Mr Bisaria has written a book on his experience as a diplomat, “Anger Management: The Troubled Diplomatic Relationship between India and Pakistan.” In his book he has claimed that there was a policy dilemma when it came to tackling terrorism and that India’s restraint after the 26/11 Mumbai attack had perhaps sent a wrong message to terrorists and their backers in Pakistan.

“In case India had reacted in 2008 the way it did in 2016 or 2019 with a surgical (strike) or airstrike, a strong Indian response would have entered the security calculus of Pakistan and served as a disincentive for the Pakistan army’s support of India-focused militant groups,” he wrote.

Mr Bisaria, who was also the principal secretary to former Prime Minister Atal Bihari Vajpayee, said, this had been a dilemma for India for three decades, ever since India started facing terrorism. The question before India and Indian policymakers had been how to react to it, he said.

“So the argument I make is that, perhaps, in 2008, India’s response was not sufficient, it wasn’t adequate. It was over-reliant on diplomacy and not reliant enough on the use of hard power. I make a deeper point that India has suffered terrorism in the eighties in Punjab and then in the 80s and 90s in Kashmir. If we had crafted a response to this sub-conventional warfare by Pakistan even earlier, we could perhaps have saved ourselves from a lot of bloodshed and loss of lives,” the former diplomat said.

“And the argument is that India now has an answer to Pakistan’s sub-conventional warfare, as expressed in 2016 with surgical strikes and in 2019 with airstrikes that it is dealing in the sub-conventional space where you have, you know, a kind of warfare or proxy warfare below the conventional realm of battle. And I think that is something that is going to serve India well in dealing with the Pakistan issue,” he emphasised.

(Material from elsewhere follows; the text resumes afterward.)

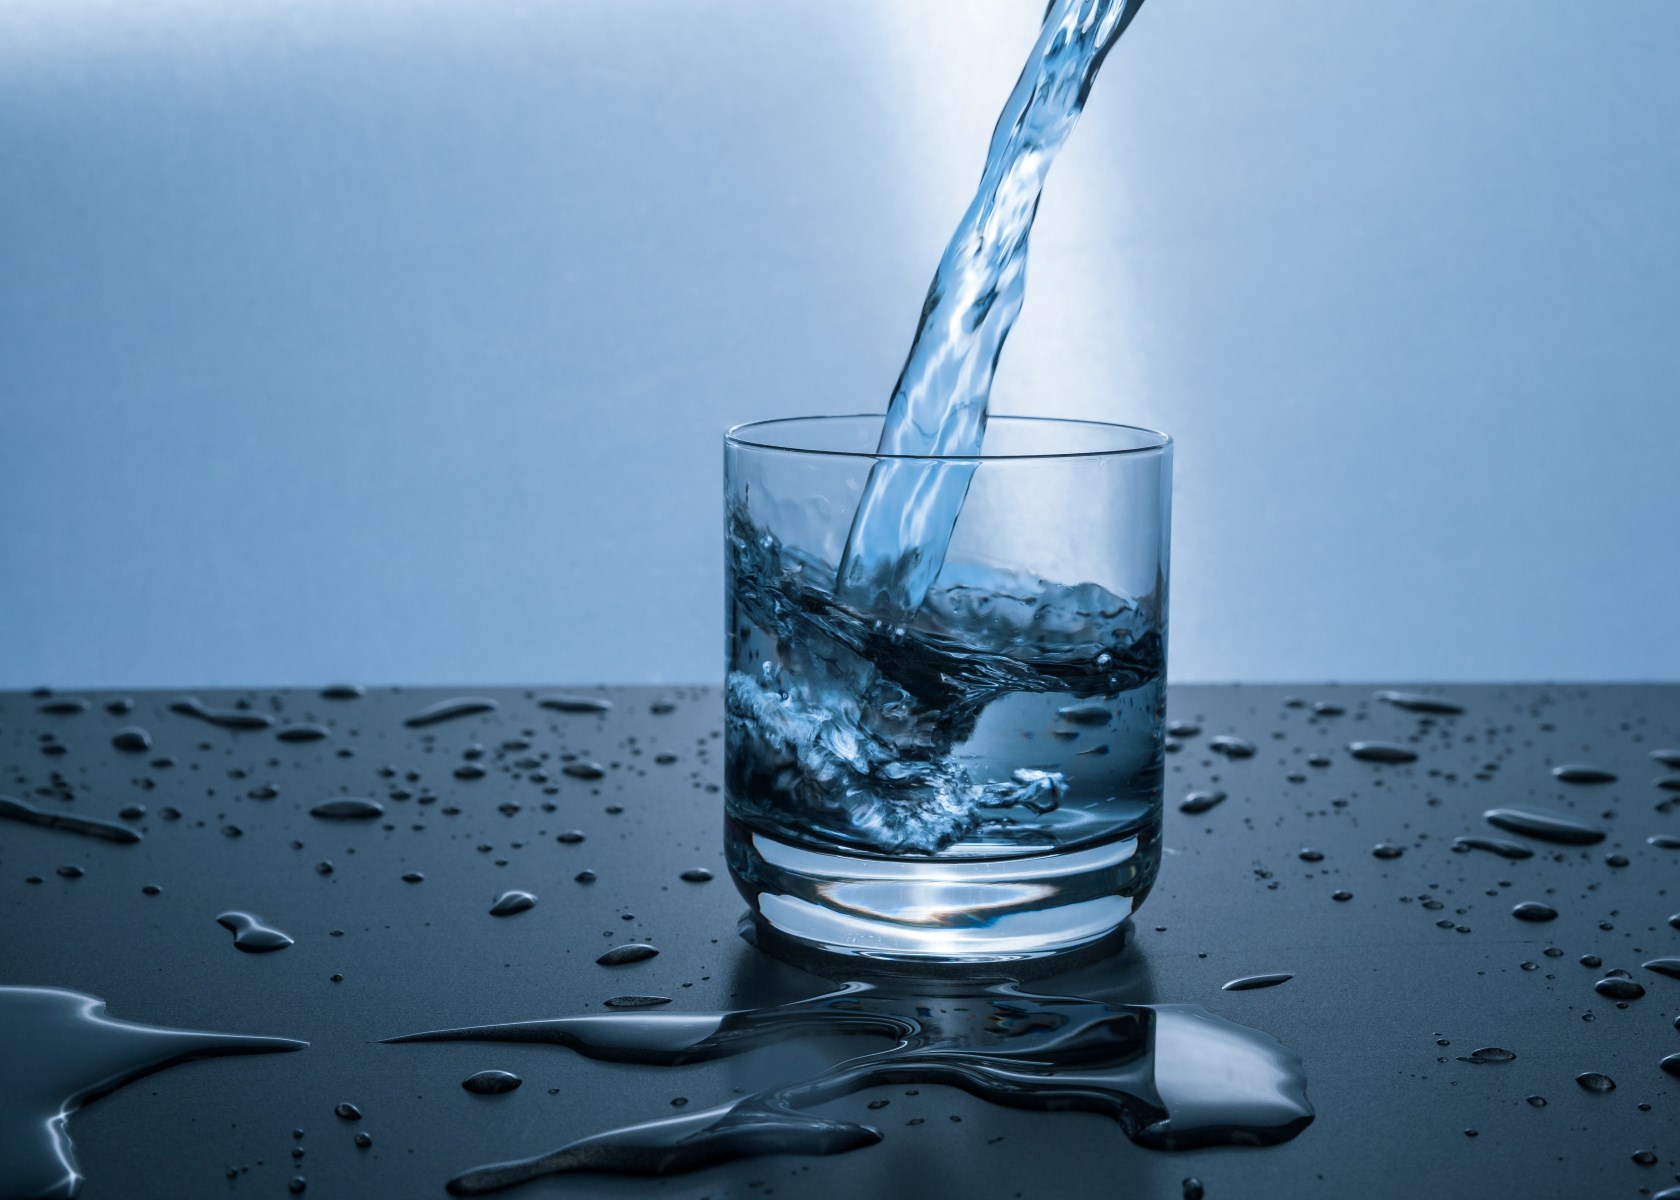 Which Ion Is Found In A Glass Of Water?

On claims by some experts that Prime Minister Narendra Modi’s method of dealing with Pakistan has led to a reduction in acts of terrorism in India, the former diplomat referred once again to the capacity and the will, and said both had changed. He said that, as an answer to Pakistan’s terrorism, India decided to take much stronger steps than it had earlier in both 2016 (after the attack on an Army camp in Uri) and after the 2019 Pulwama attack.

Mr Bisaria also pointed out that Prime Minister Modi had also attempted diplomacy. “2014 and 2015, remember, was a period when he engaged with Nawaz Sharif. Nawaz Sharif was here for his inauguration, for his swearing in, and Prime Minister Modi himself made a visit to Pakistan towards the end of 2015. But we finally managed to craft a response to terrorism, which entered Pakistan’s calculus, that this would be a cost that Pakistan would have to pay, whether deploying state actors or non-state actors,” he asserted.

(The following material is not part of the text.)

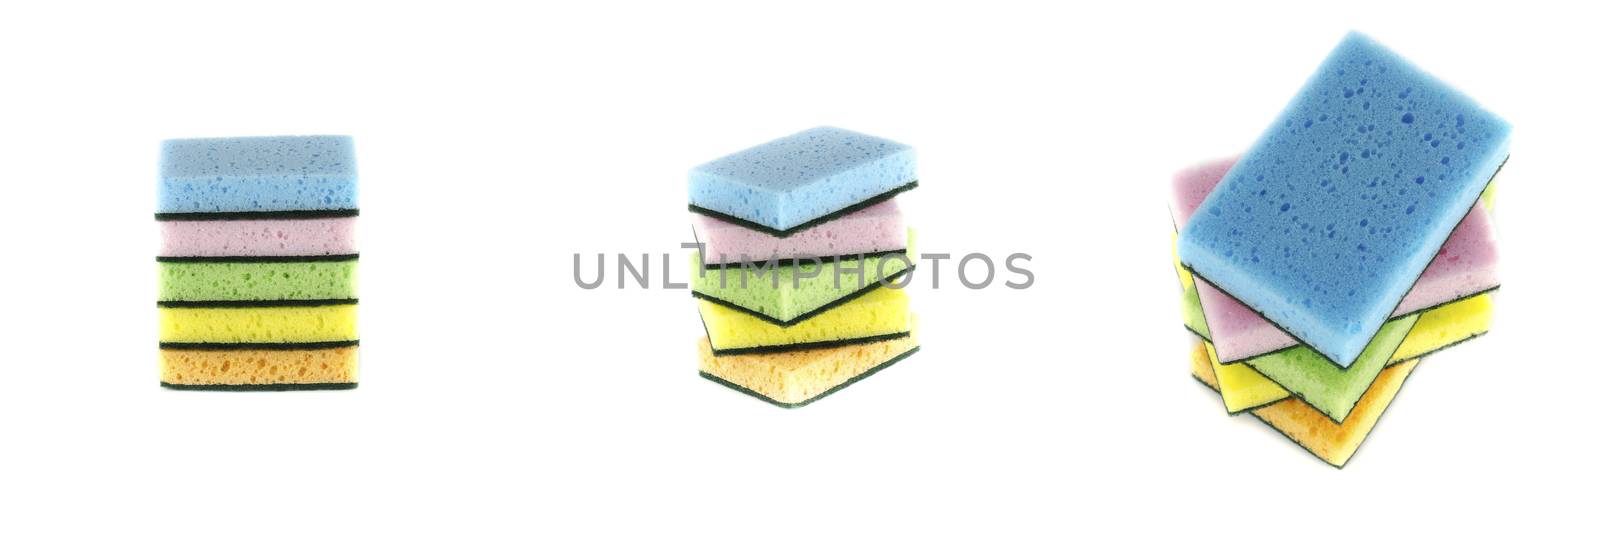 household cleaning sponge for cleaning isolated on white background

Pointing out that every prime minister had to deal with compulsions of their own times, Mr Bisaria said Mr Vajpayee during his time was acutely conscious of the fact that India had gone nuclear in 1998 and there ought to have been a strong nuclear responsibility in dealing with the Pakistan issue and in dealing with the world. “And what Prime Minister Vajpayee did was try to understand the nuclear threshold of Pakistan and the red lines,” the former principal secretary to PM Vajpayee said.

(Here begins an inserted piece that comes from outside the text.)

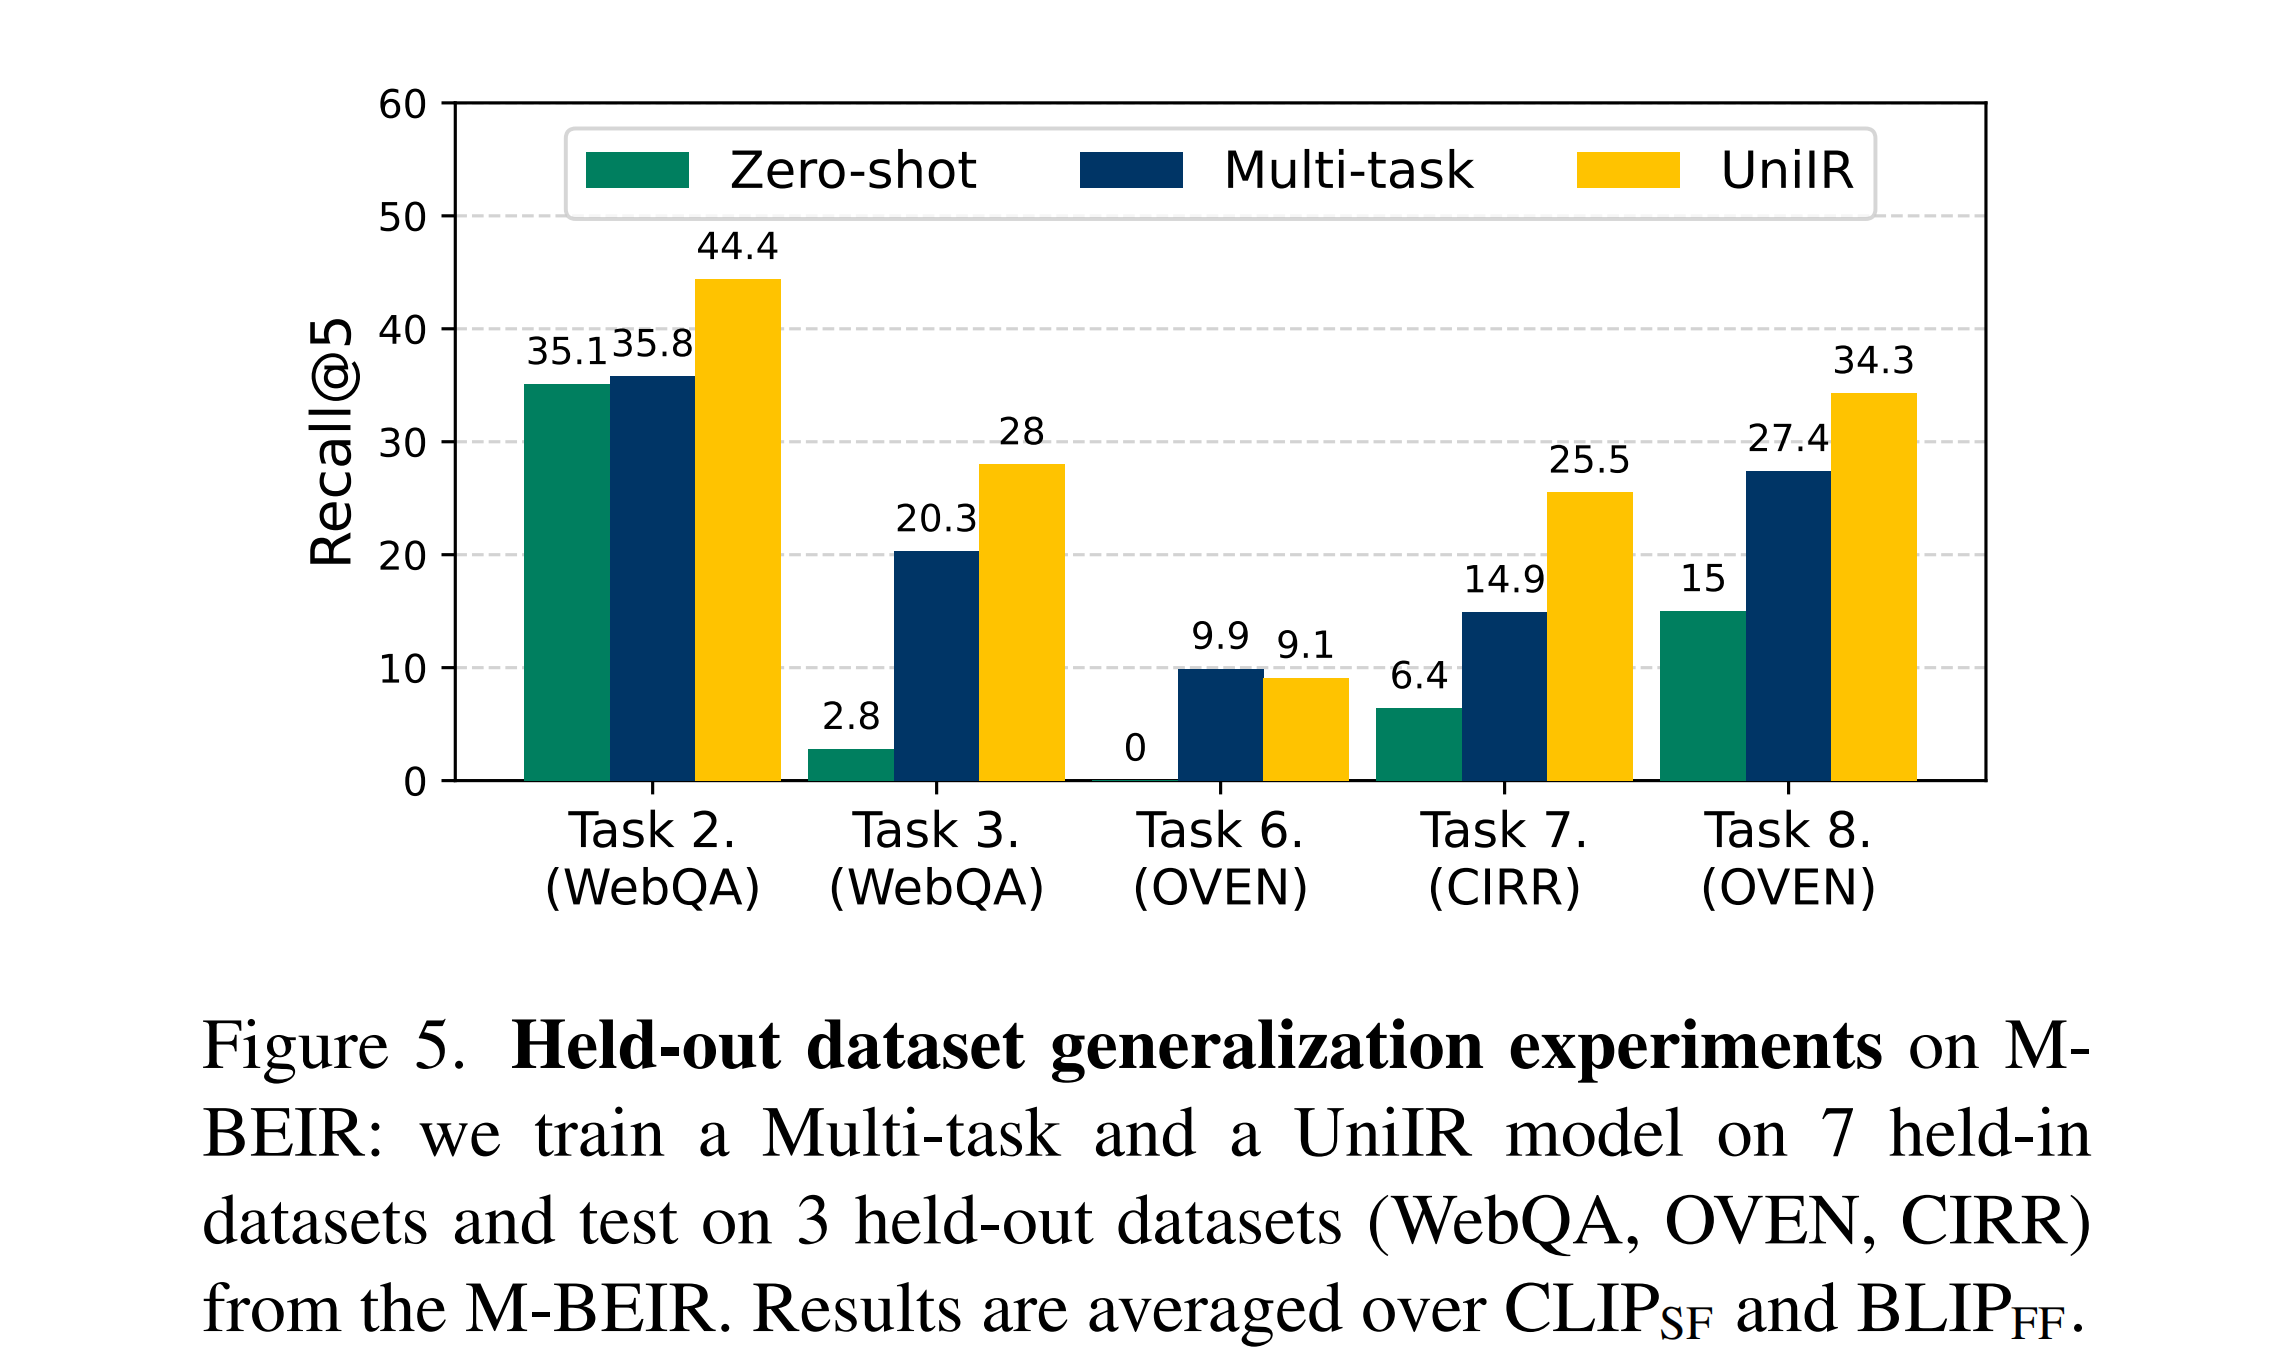 Evaluate UniIR's generalization capability on held-out datasets.

“So I feel that, by 2008, that threshold and those red lines were clearer and, therefore, we perhaps needed a much stronger response, the absence of which led to perhaps more acts of terrorism, greater audacity on the part of Pakistan. The fact that this government took the risk and took it a step forward and took hard action against terrorism is something that is going to stand India in good stead in dealing with terrorism,” he added.

He agreed that the perception of the general public in Pakistan about India had changed lately, he said, “A large proportion of the population is young and younger people have fairly common aspirations… You would see a huge gulf between what the official narrative is in Pakistan and what you would capture on social media… And, certainly, there’s been evidence in recent times of an admiration for India and questioning of their government, which has landed Pakistan in the kind of economic crisis it has,” he said.